● Dataset:
+ + + + +

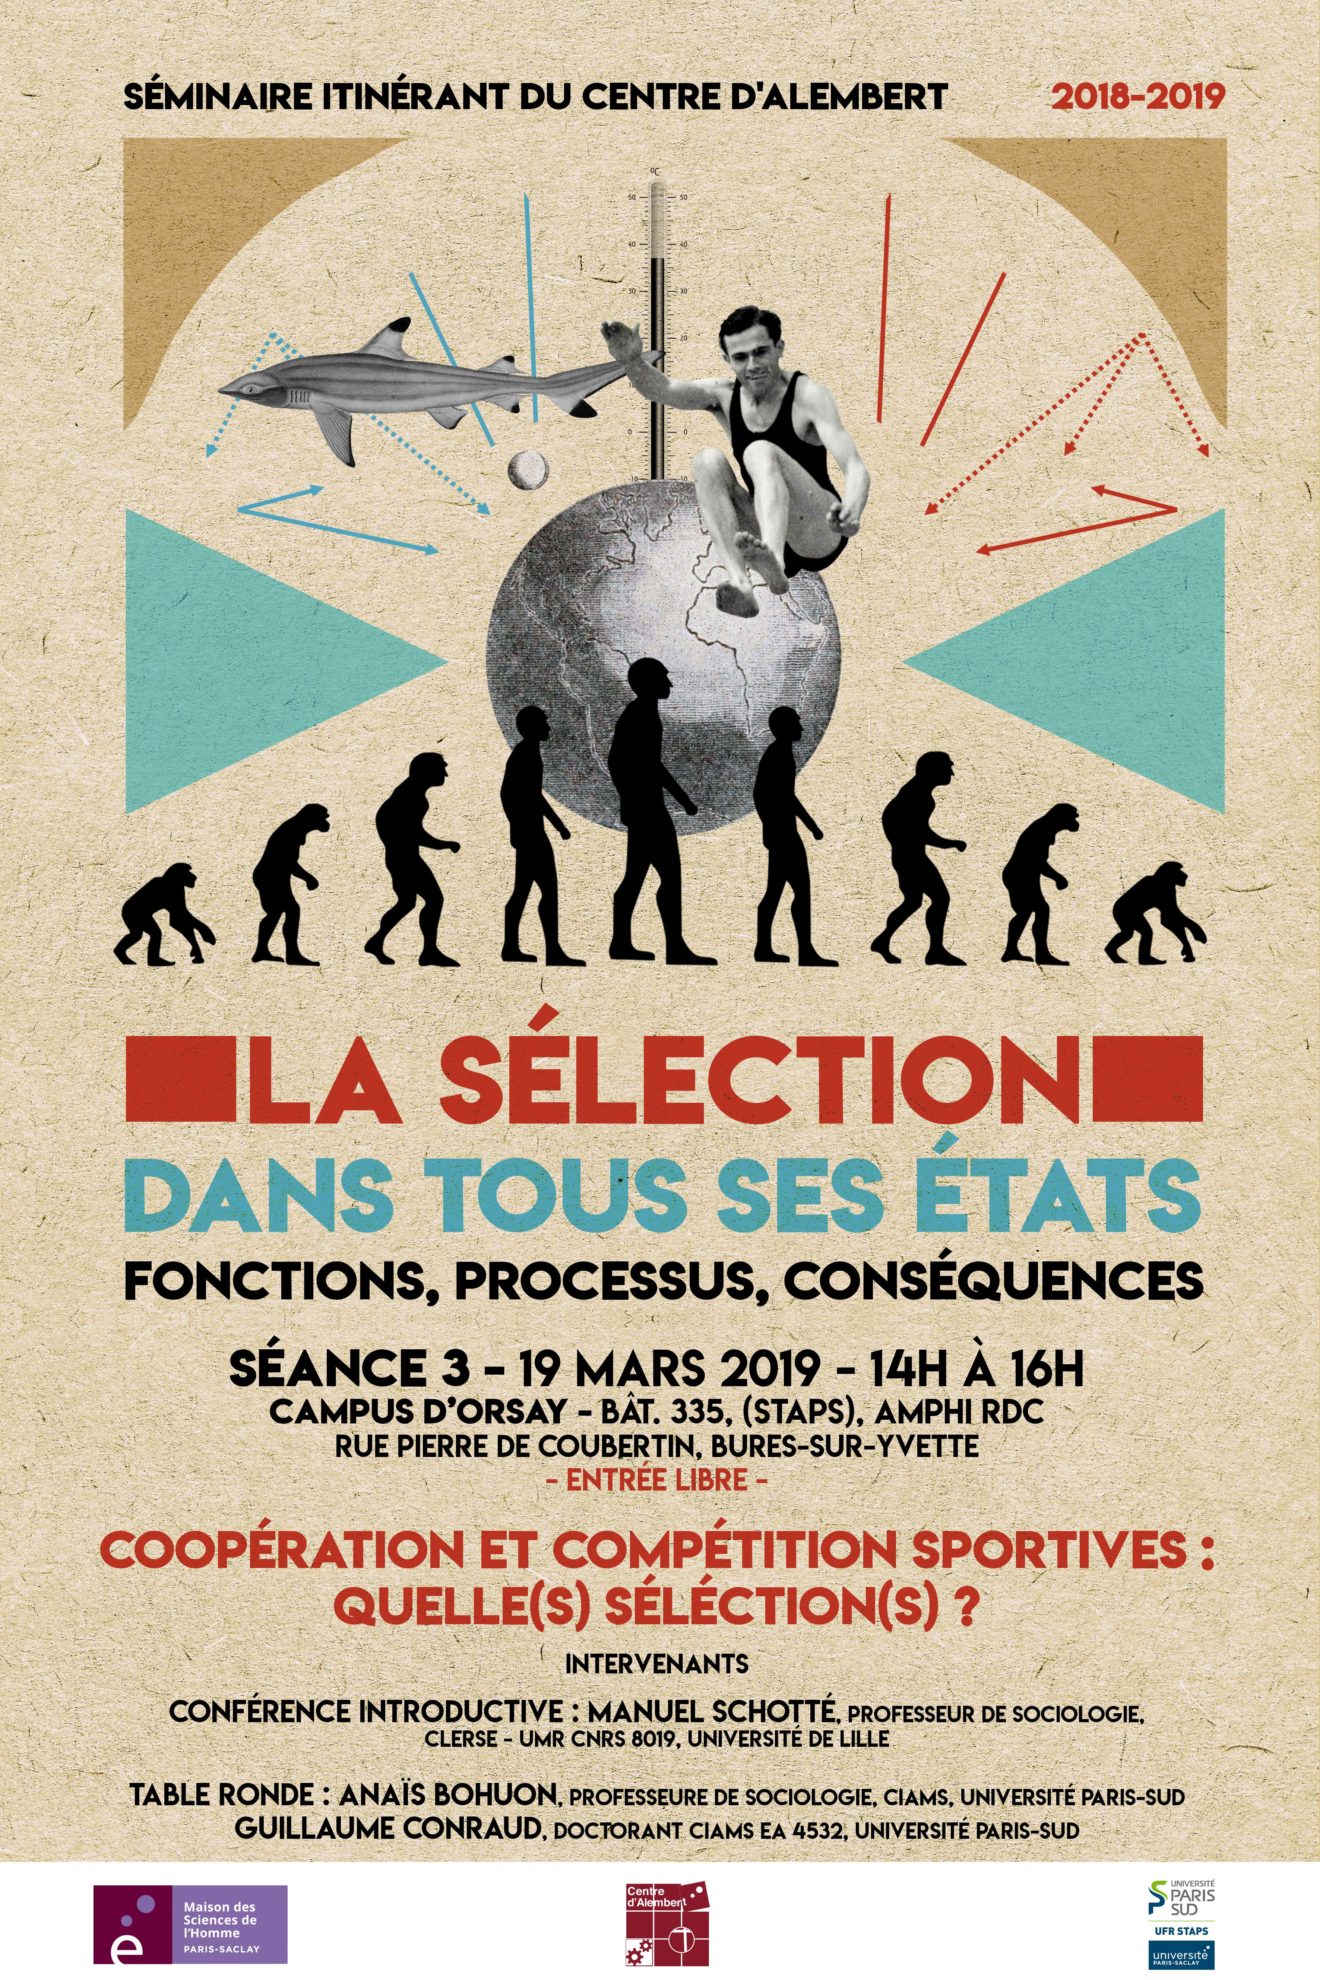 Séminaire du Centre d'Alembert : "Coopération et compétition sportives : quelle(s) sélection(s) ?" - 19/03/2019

+ + + + +

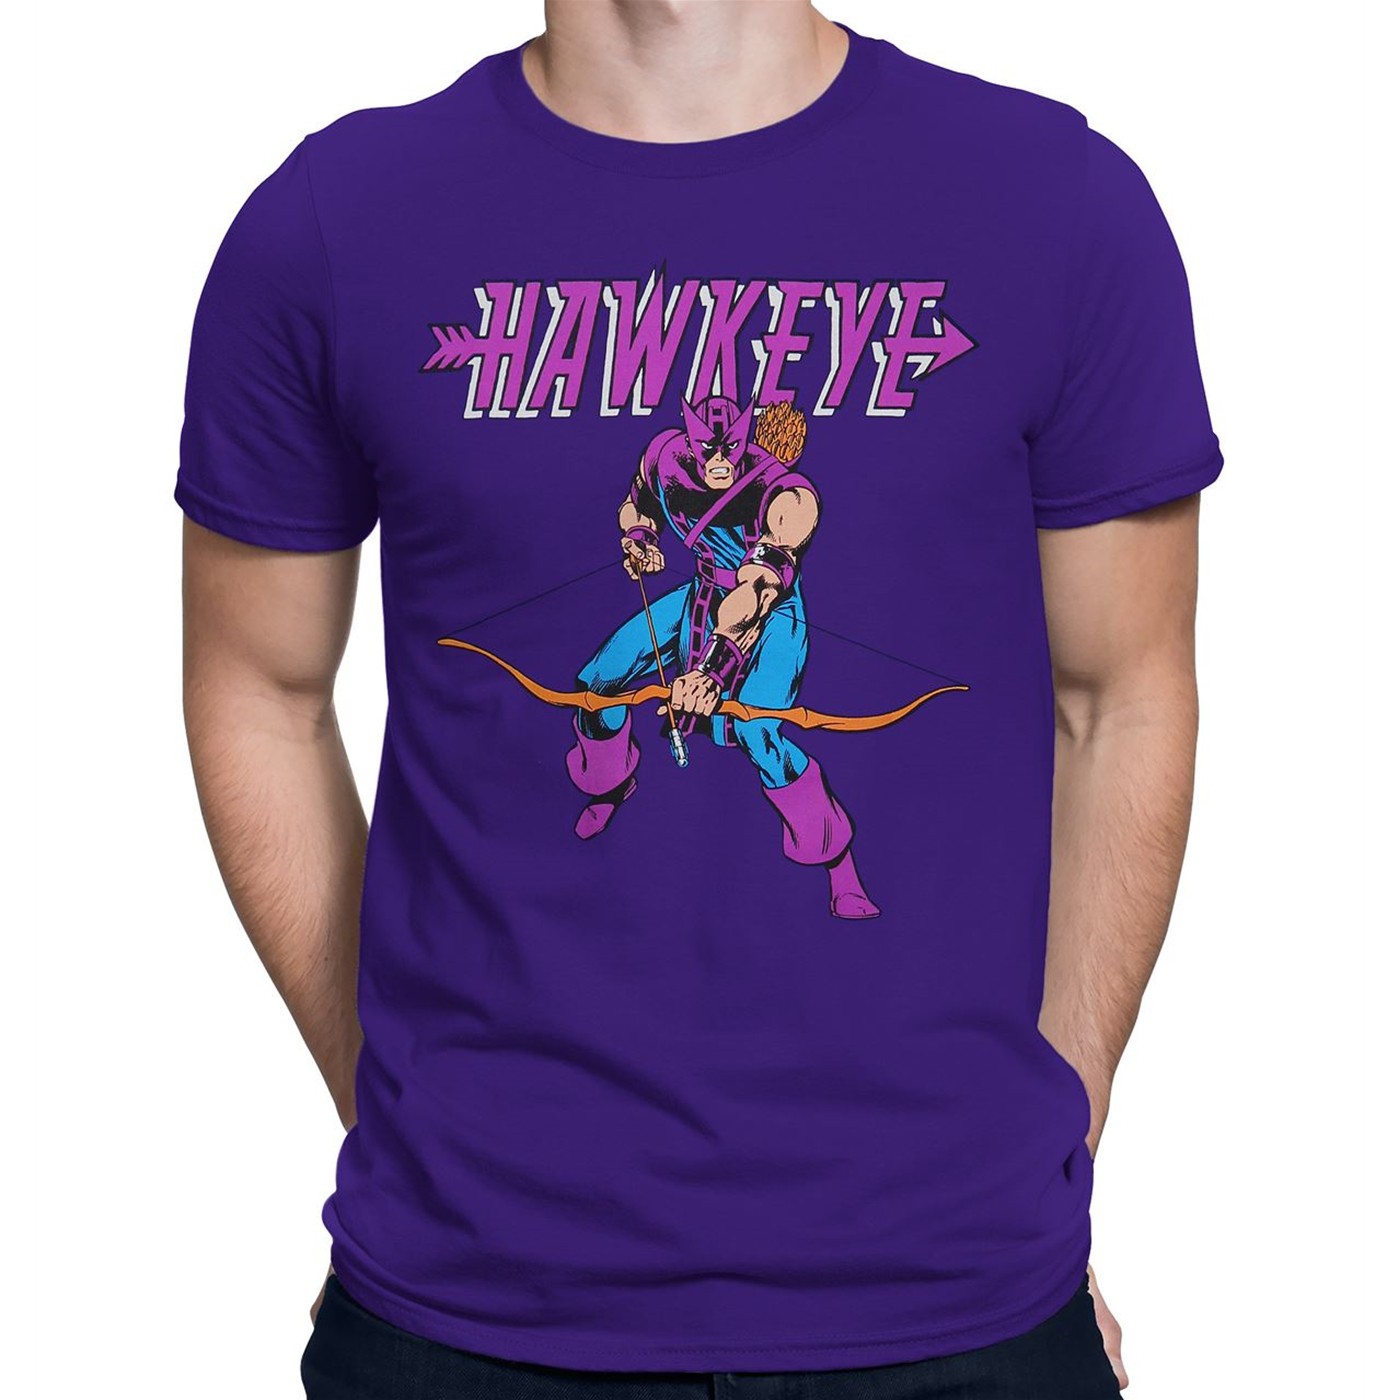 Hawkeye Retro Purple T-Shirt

+ + + + +

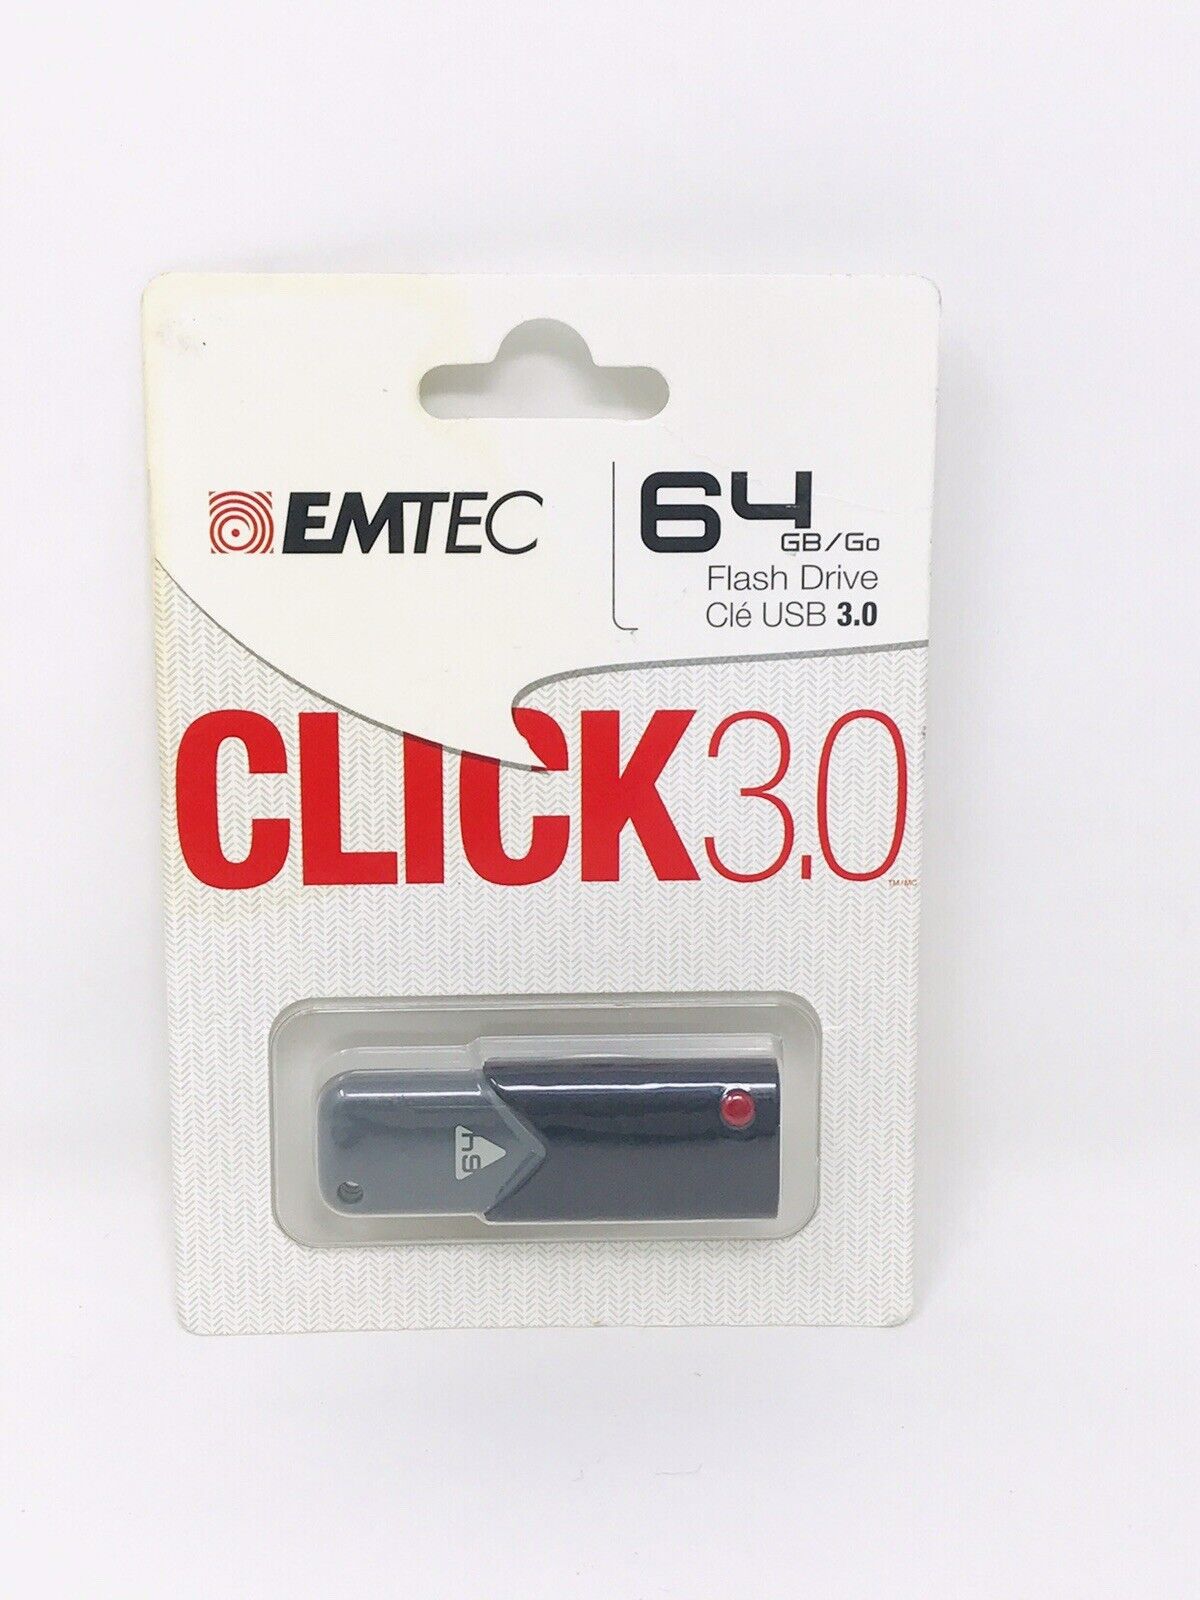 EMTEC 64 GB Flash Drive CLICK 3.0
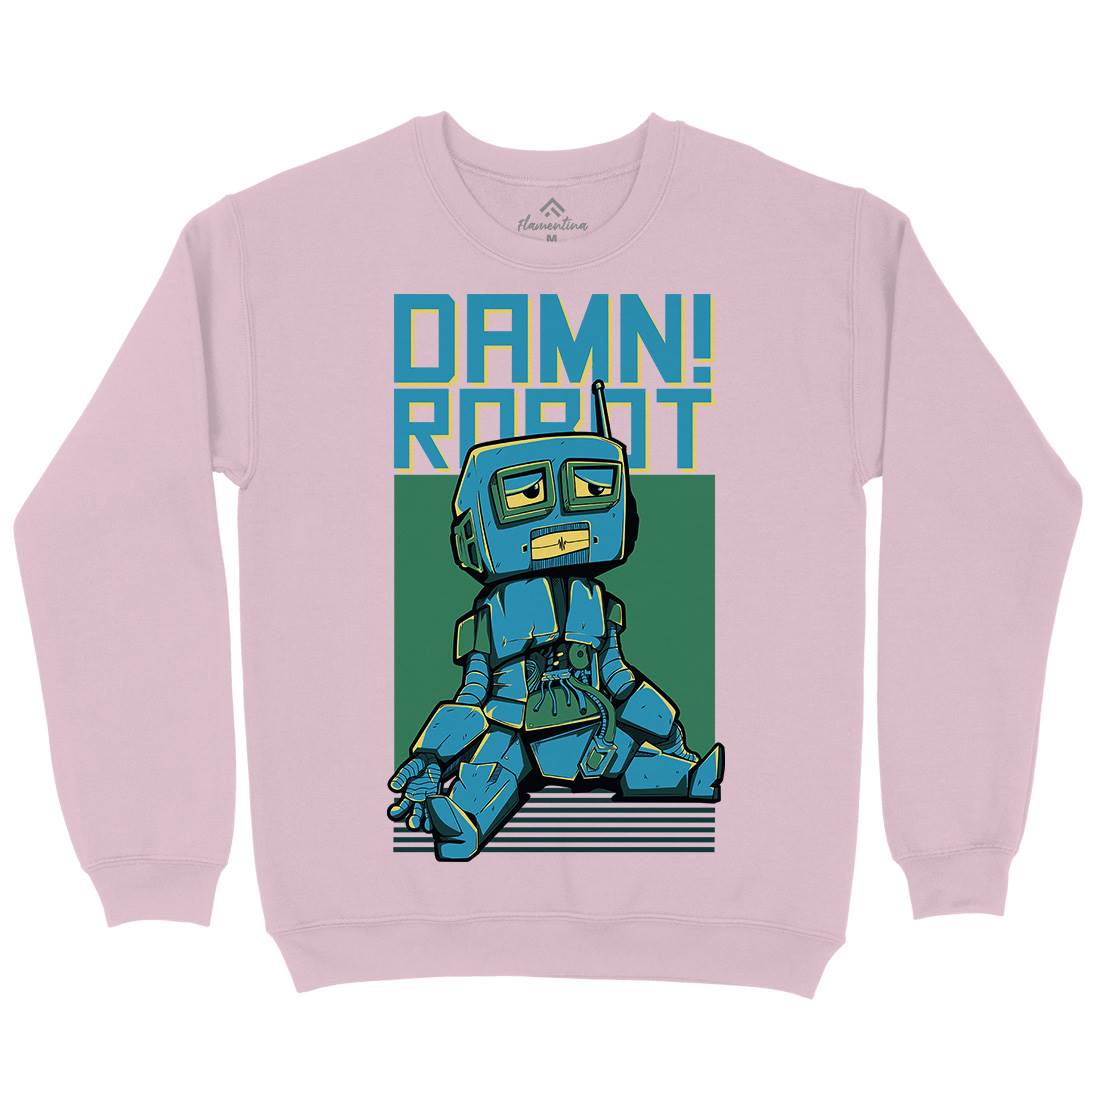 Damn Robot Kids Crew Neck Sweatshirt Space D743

+ + + + +

● What this task involves: Give back exactly, and solely, the section of the data above bounded by the line containing "EMTEC 64 GB Flash Drive CLICK 3.0" and the line containing "Damn Robot Kids", both bounding lines included and pictures omitted.

● Exercise answer:
 EMTEC 64 GB Flash Drive CLICK 3.0
 Damn Robot Kids Crew Neck Sweatshirt Space D743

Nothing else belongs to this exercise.